Om echter die giften te kunnen aanvaarden moest er een Koninklijke machtiging zijn. Bij die eerste schenkers vinden wij de naam van Bernard Van Overtvelde, die “ter warme hand” 500 fr schonk. Hij kwam uit Eeklo. Verder nog : Jan Baptiste Van de Keere met 1600 fr en Leonardus Hessens met 1800 fr. Telkens staat er bij vermeld dat zij in ruil voor deze gift hun leven lang in het hospice mogen blijven “ZOO ZIEK, ALS GEZOND ZIJNDE”. Eens de gift “Ter warme hand” geschonken was deze niet meer terug vorderbaar.

Dank zij deze dotaties en de uitgeplaatste gelden beschikte de commissie in die tijd over een batig saldo. Het heeft zelfs nog bestaan dat het gemeentebestuur bij de commissie van het bureel van Weldadigheid een lening aanging om de openbare werken, waaronder het kasseien van de baan van het dorp naar de Kruipuit, te kunnen uitvoeren. De toestanden zijn nu totaal andersom.

Na ruim honderd jaar bestuurd geworden te zijn door de Eerw. Zusters van Geraardsbergen, waarvan een Adegemse Algemene Overste was, namelijk Eerw. Zuster Lutgarde in de wereld Juffr. Judith De Lobel, zijn de Eerw. Zusters van het hospice hier vertrokken bij gebrek aan medezusters. De Adegemse bevolking is hen veel dankbaarheid verschuldigd.
De laatste overste was hier Eerw. Zuster Benigna.

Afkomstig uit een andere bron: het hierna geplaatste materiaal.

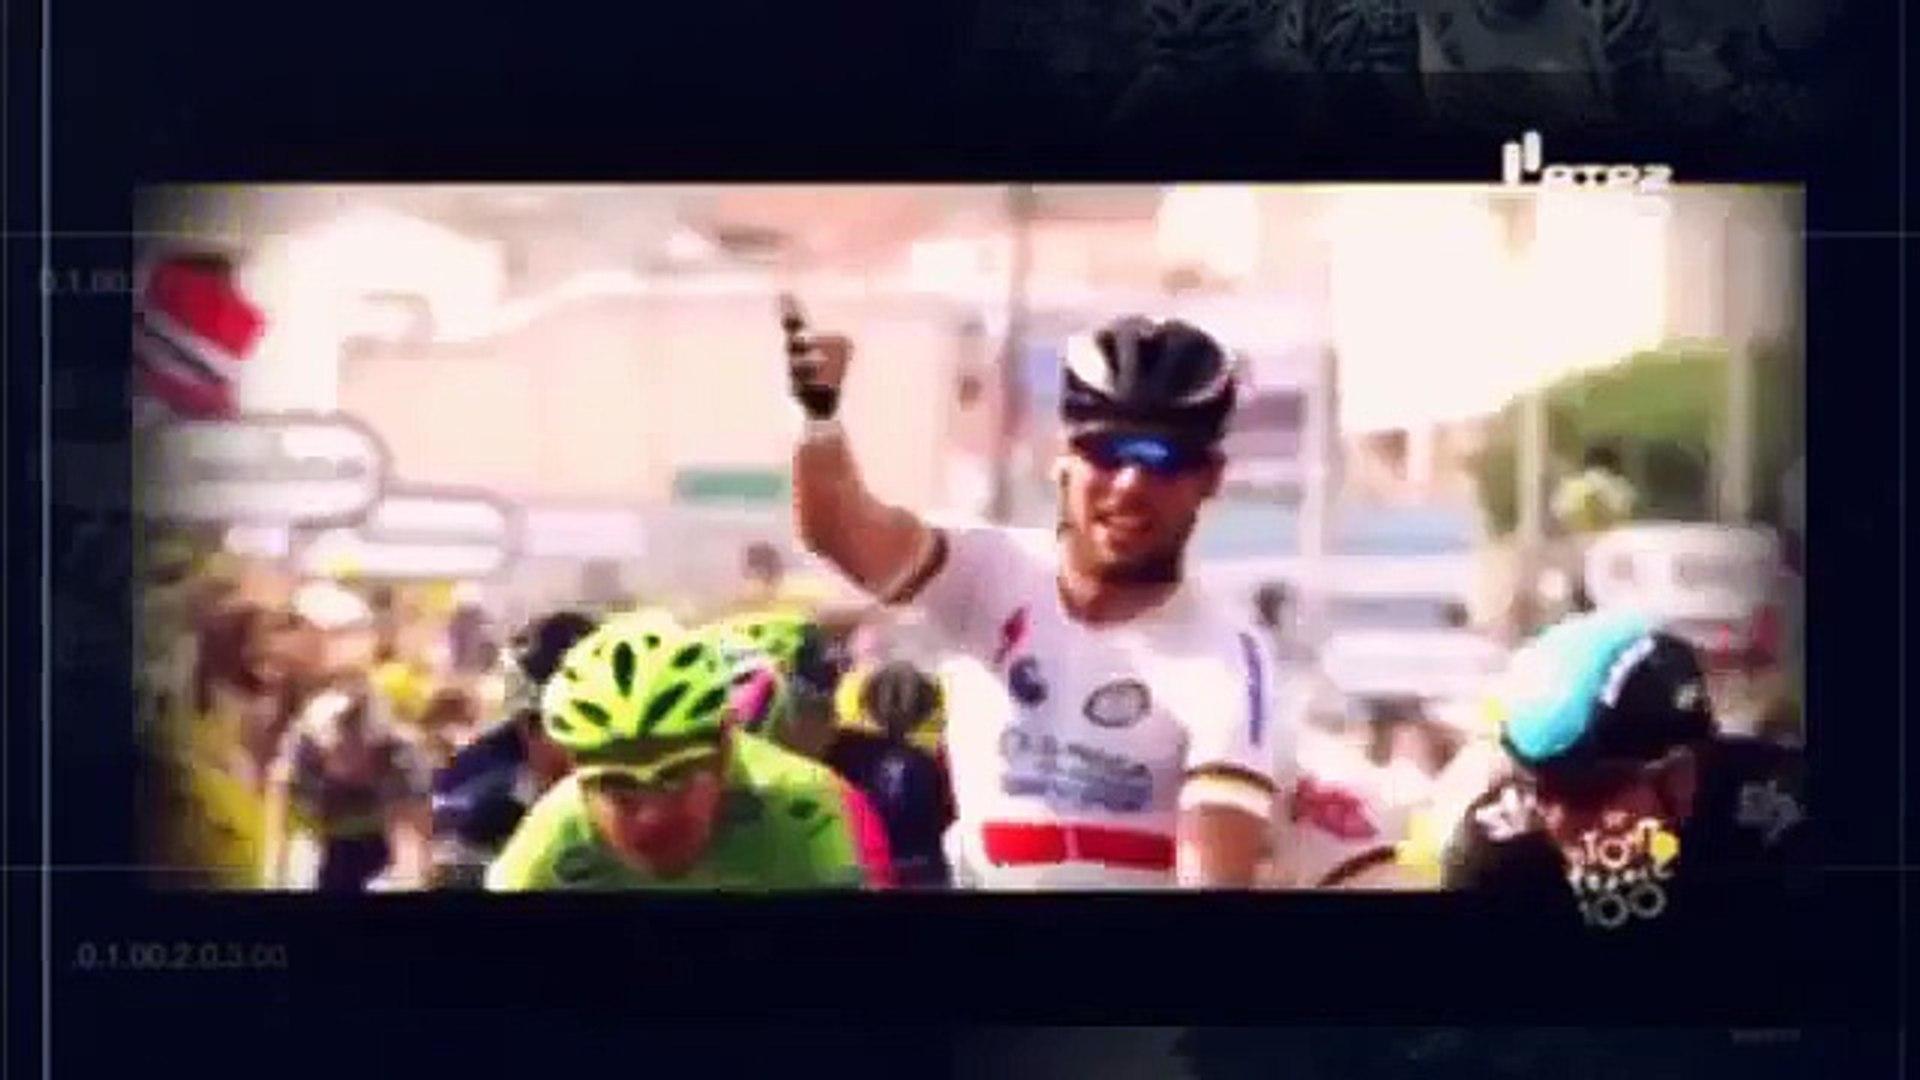 tour de france live internet - tour de france (recurring competition) - race - road - bikes - news

De naam “Bureel van Weldadigheid” evolueerde tot commissie van Openbare Onderstand (C.O.O.) en deze werd kort geleden weeral gewijzigd in O.C.M.W. : Openbaar Centrum Maatschappelijk Welzijn. De klassieke naam van Godshuis of hospice is eveneens geschrapt en vervangen door de huidige benaming : “Rustoord”.